The Tropical Chocolate Bar had a different goal.

It still needed to resist heat, but it was supposed to taste better than the original D Ration. In 1943, the Army asked Hershey to create a heat-resistant chocolate bar with improved flavor, and Hershey developed the Tropical Chocolate Bar for use in warm-weather and tropical environments. Hershey Archives notes that the bar was designed to hold its shape for one hour at 120°F.

This recipe recreates the 1943 WWII-era Tropical Chocolate Bar as closely as possible using the documented ingredient list and modern home-kitchen methods. It is not Hershey’s exact factory formula, which was not published as a household recipe.

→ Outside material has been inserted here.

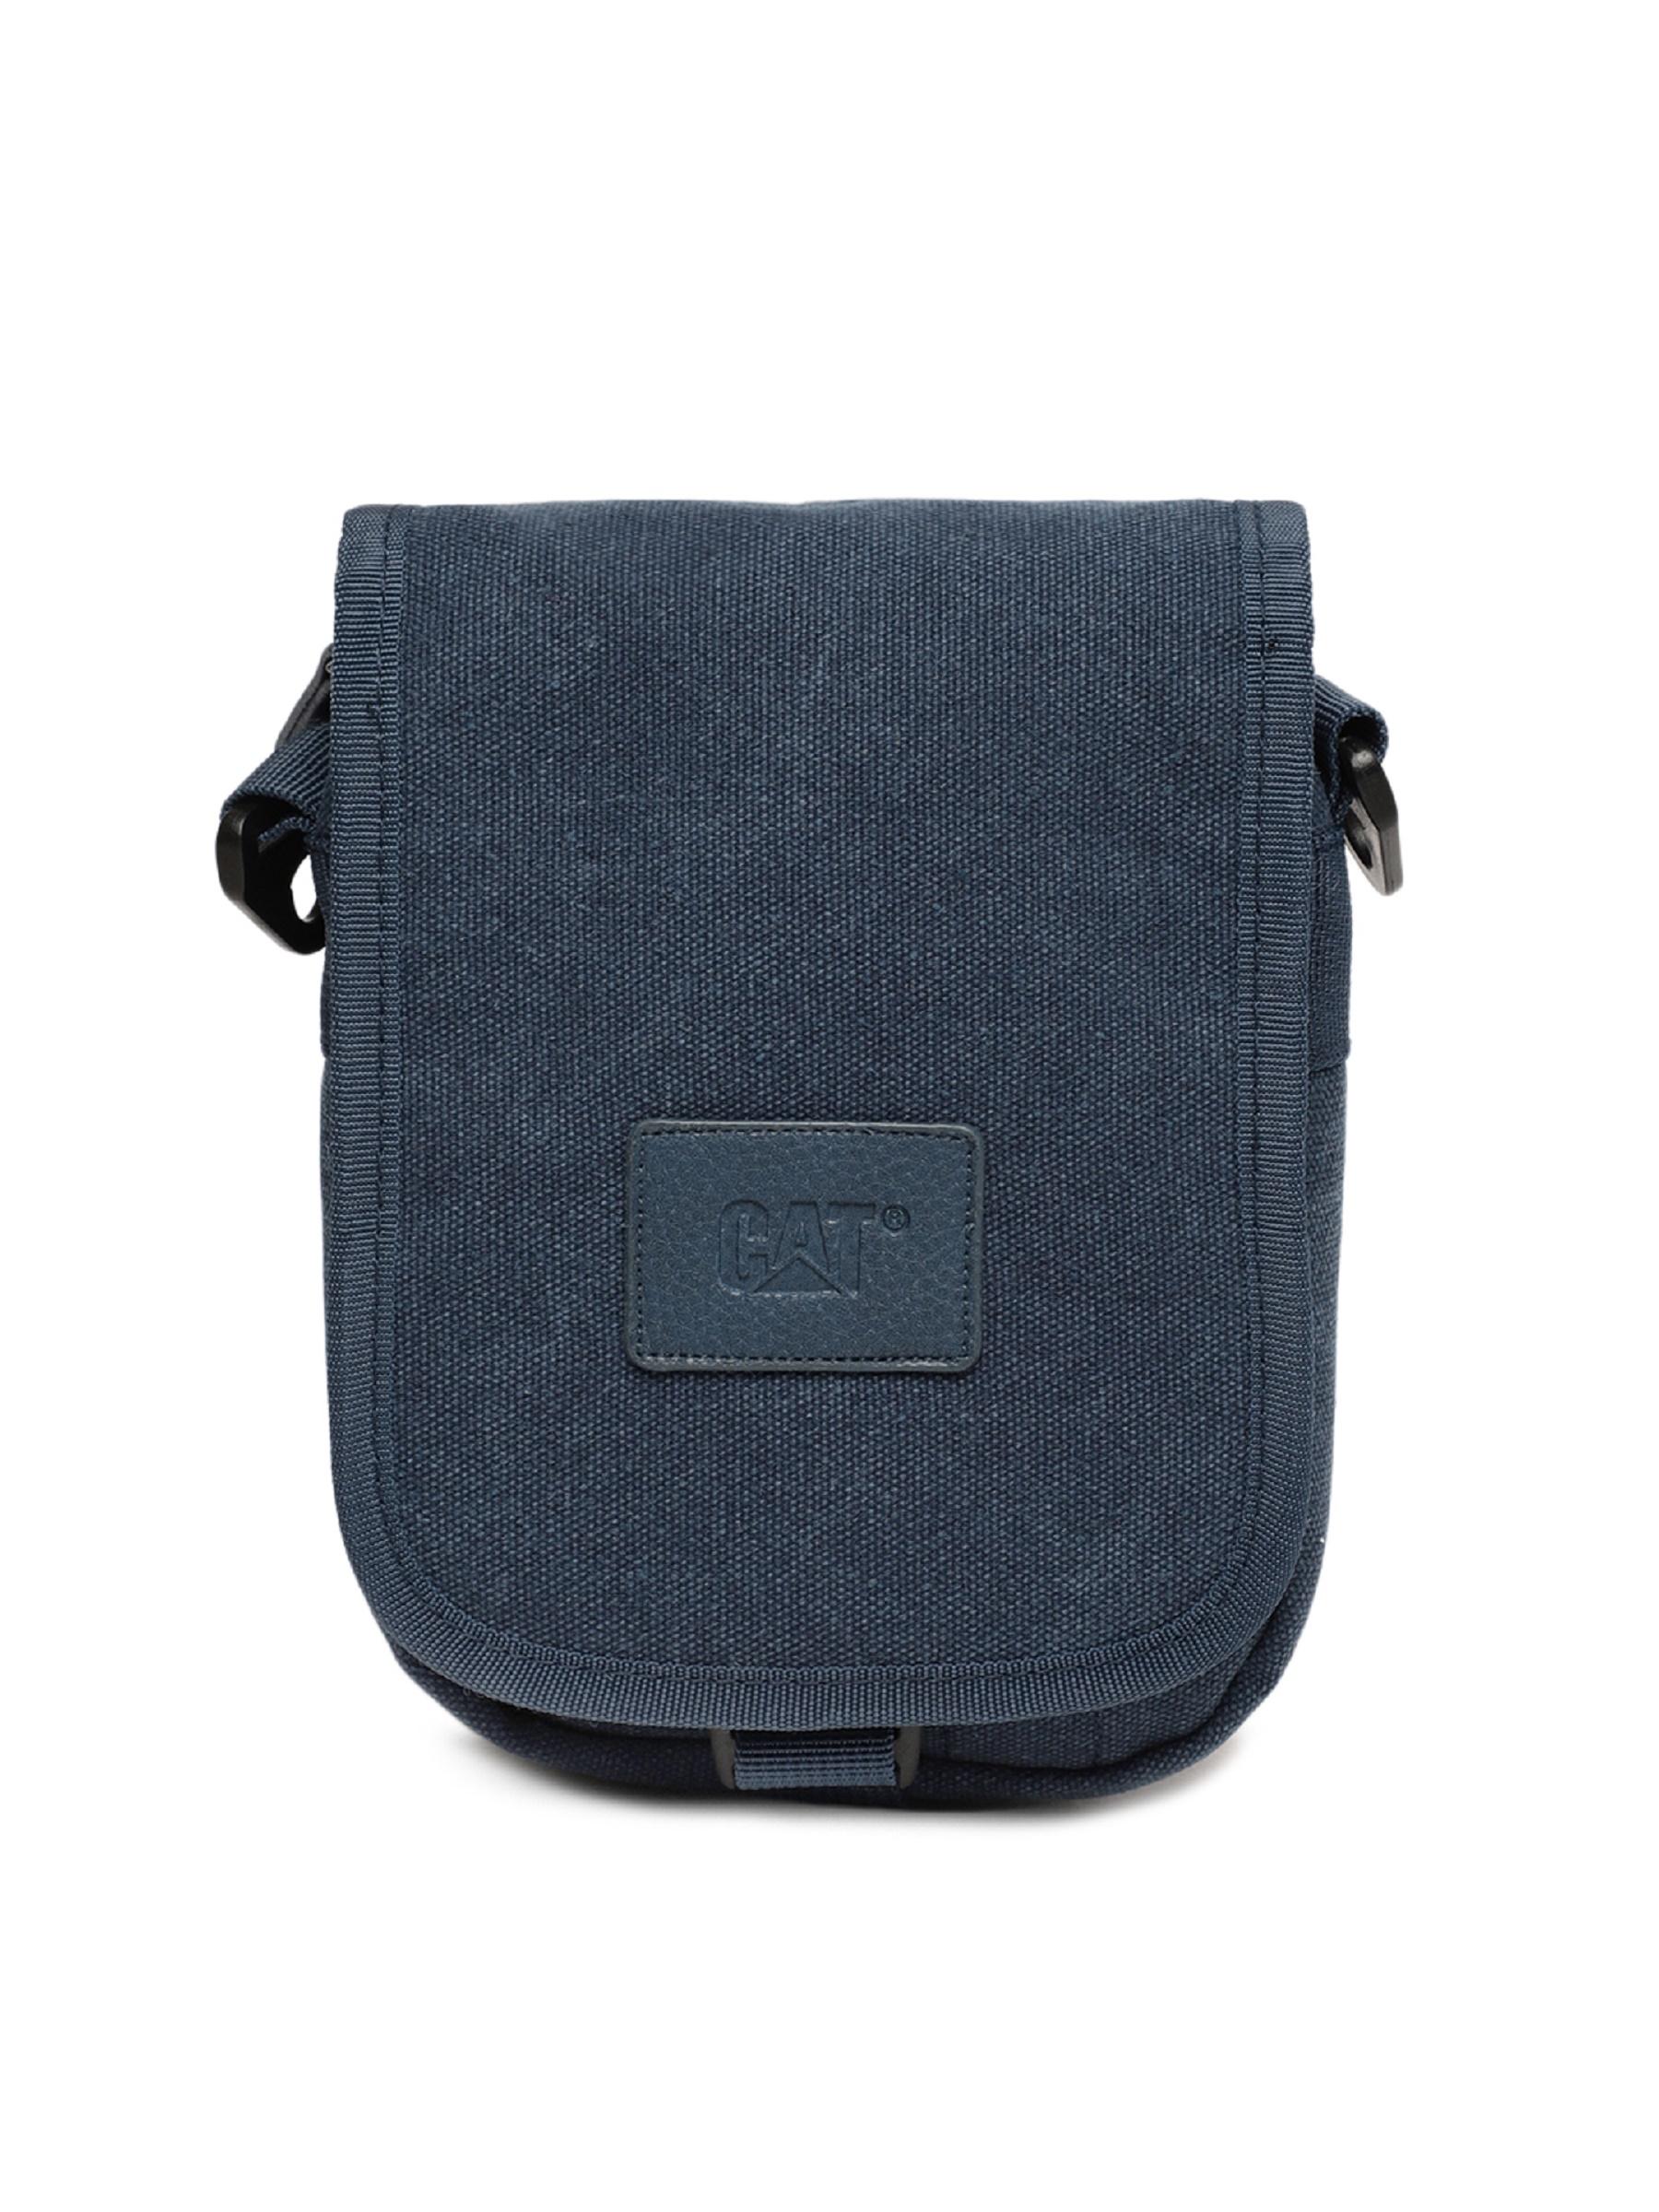 5a1ab8c55d CAT Unisex Utility bag Earthline 1.5 Ltrs Blue Casual Solid Messenger Bag

Instead, it is an authentic-style recreation based on the known ingredients, purpose, and texture of the wartime bar.


Recipe Information

Yield: 6 small bars or 3 larger bars

Prep Time: 20 minutes

Cook Time: 10 minutes

Cooling Time: 2–3 hours

Difficulty: Moderate

Recipe Type: Historical recreation

Era: WWII, 1943-style Tropical Chocolate Bar


Historical Accuracy Note

The documented 1940s Tropical Chocolate Bar ingredient list included:

  • Chocolate liquor

  • Skim milk powder

  • Cocoa butter

  • Powdered sugar

  • Vanillin

  • Vitamin B1

  • Oat flour

This recipe focuses on that 1943 WWII-era formula.

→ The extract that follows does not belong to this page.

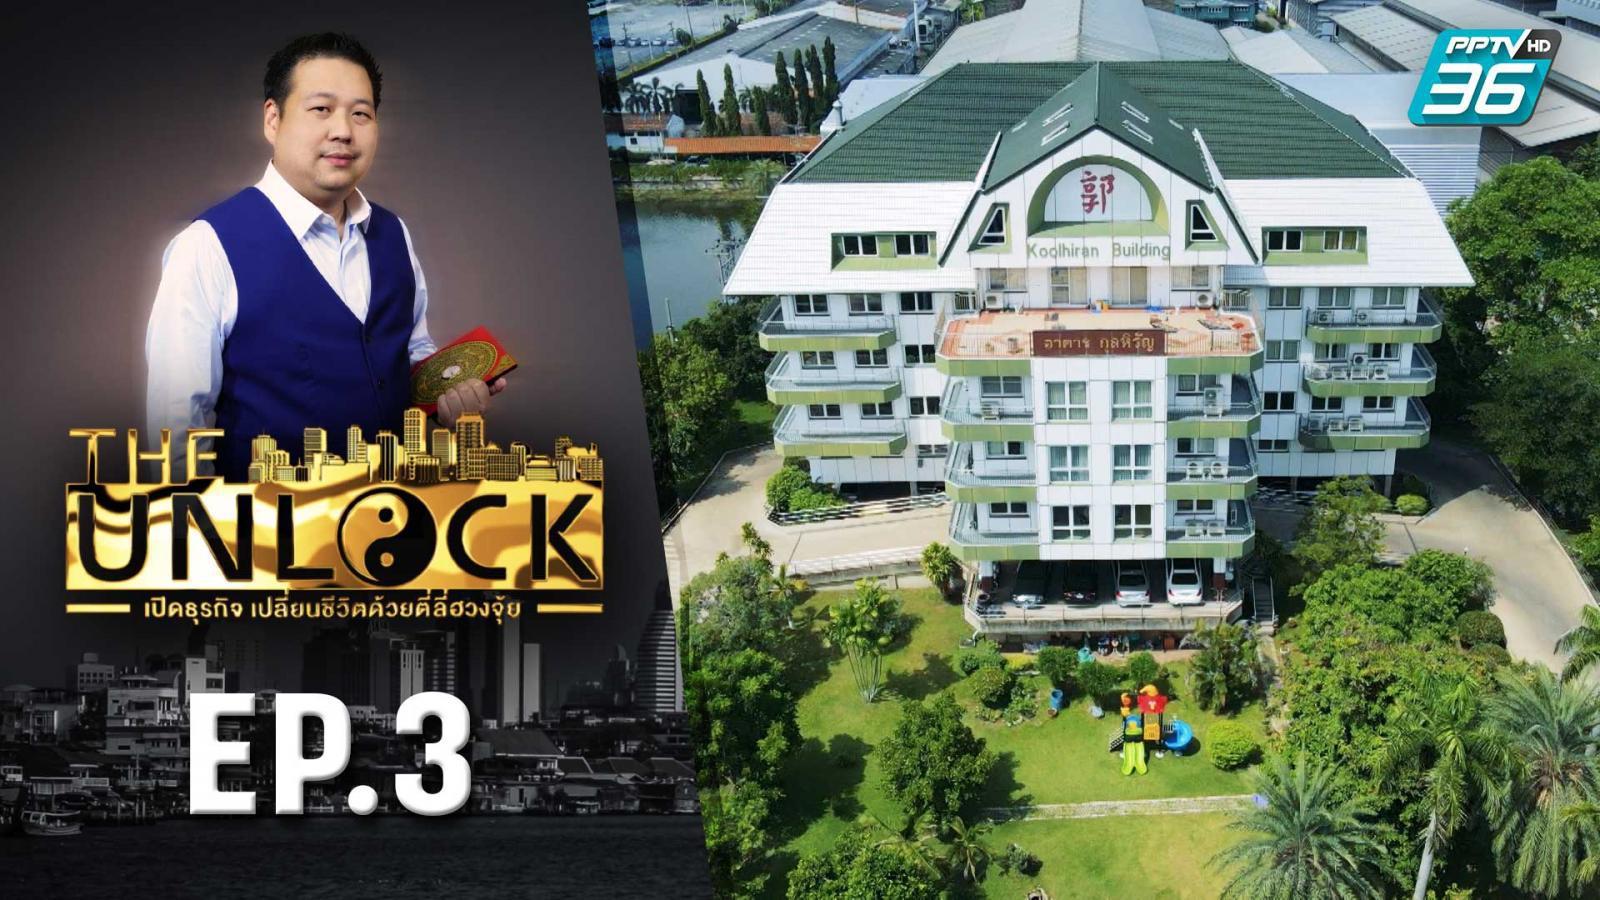 The Unlock เปิดธุรกิจ เปลี่ยนชีวิตด้วยตี่ลี่ฮวงจุ้ย | ตอน โรงงานชัยเสรีเม็ททอลแอนด์รับเบอร์ ( มาดามรถถัง ) EP.3 | PPTV HD 36

Hershey later changed the formula in the late 1950s. That later version removed oat flour, replaced skim milk powder with nonfat milk solids, and replaced cocoa butter with cocoa powder.

This recipe is for the earlier wartime version.


Chocolate Liquor Clarification

Chocolate liquor is not chocolate liqueur.

Chocolate liquor, also called cocoa mass or cocoa paste, is pure ground cacao nibs. It contains cocoa solids and cocoa butter, but no alcohol.

For this recipe, use one of the following:

  • Chocolate liquor

  • Cocoa mass

  • Cocoa paste

  • Unsweetened baking chocolate

Unsweetened baking chocolate is the easiest grocery-store option for most home cooks. It is not meant to imply that Hershey’s factory formula used grocery-store baking chocolate. It is simply the most accessible retail form of the same basic ingredient.

Do not use Bailey’s, Godiva liqueur, crème de cacao, or any alcoholic chocolate drink. Chocolate liquor is chocolate. Chocolate liqueur is alcohol.


Ingredients

Chocolate Base

  • 120 g unsweetened baking chocolate

  • 40 g food-grade cocoa butter

    • Make sure you buy food-grade, as cocoa butter is normally sold as a non-edible cosmetic.

Dry Ingredients

  • 110 g powdered sugar

  • 60 g nonfat dry milk powder

  • 15 g oat flour

  • ¼ teaspoon vanillin powder or ½ teaspoon vanilla powder

    • Vanillin is the historically accurate ingredient, but hard and often expensive to find today.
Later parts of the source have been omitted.